Feature Extraction Based Machine Learning Approach for Bone Cancer Detection
DOI:
https://doi.org/10.51983/ajeat-2023.12.2.3787Keywords:
Segmentation, K-Mean, Feature Extraction, Wavelet Transform, Bone Cancer Detection, Classification, Convolutional Neural NetworkAbstract
Osteosarcoma is a type of cancer that develops in the bones. Though it can happen in any bone, it commonly happens in long bones like the legs and arms. As a result, early detection and categorization of bone cancers have become critical for treating patients. A wavelet-based segmentation algorithm was utilized in this work to detect bone cancers. The segmented bone cancer components were then processed further for categorization. The enhanced convolutional neural network (ECNN) classification was employed in this investigation to differentiate between benign and malignant bone cancers. Collect multiple photos and use wavelet transform features to extract a trained classifier model.

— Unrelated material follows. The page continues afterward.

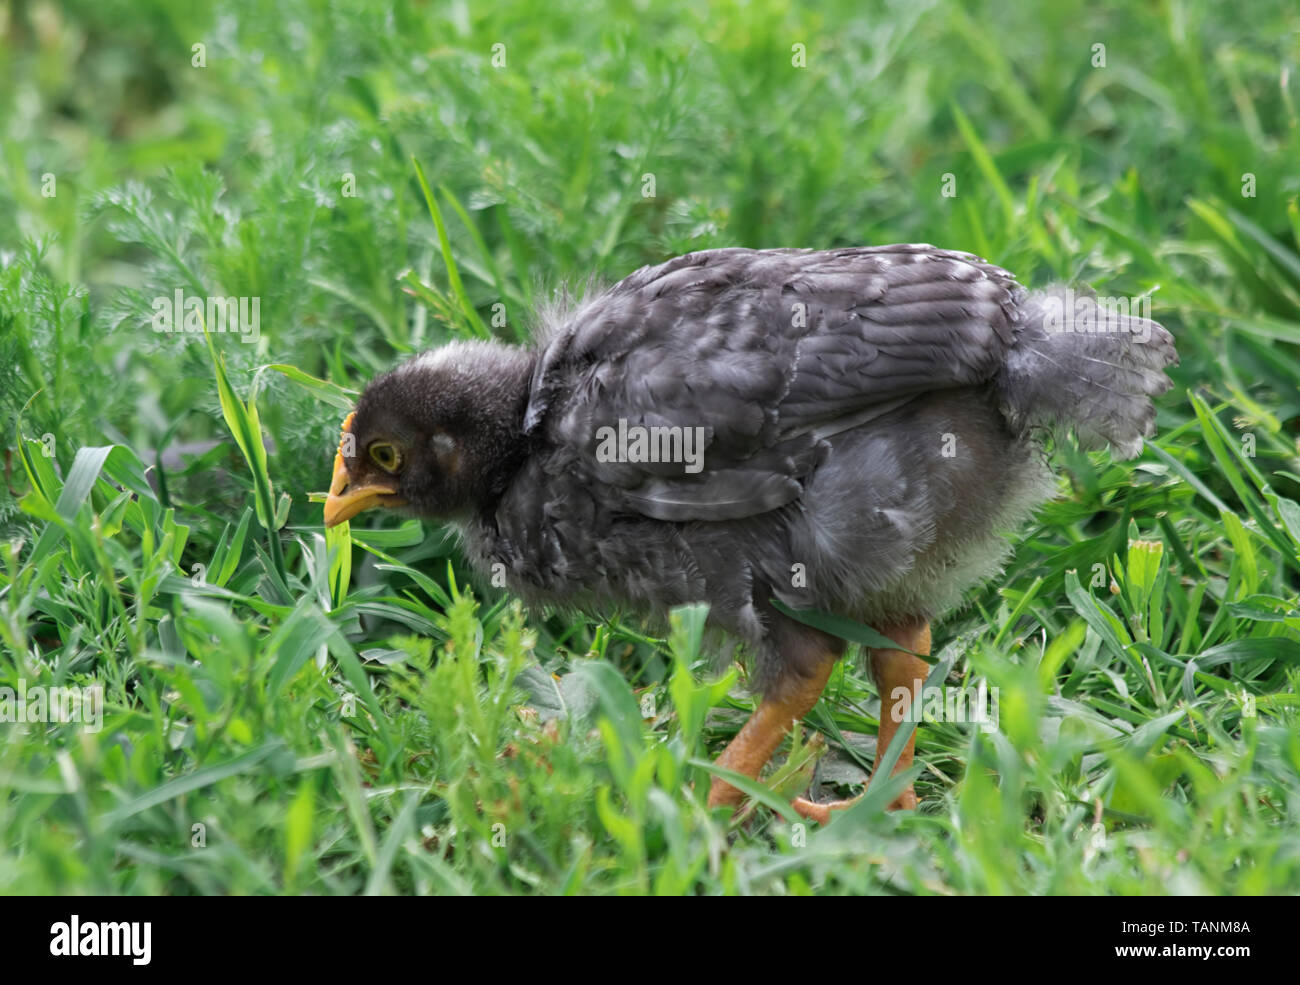 A cute little chick on green grass Stock Photo

Sensitivity (97%), Specificity (97%), Precision (98%), Accuracy (97.5%), and F1Score (97.5) are the performance metrics for the ECNN deep learning (DL) algorithm. According to the results, ECNN deep learning beats deep learning methods, including SVM, ANN, and RNN. As a result, the ECNN deep learning technology can be used to diagnose bone cancer more accurately. Based on histology pictures, our enhanced model performs at the cutting edge of detecting osteosarcoma cancer.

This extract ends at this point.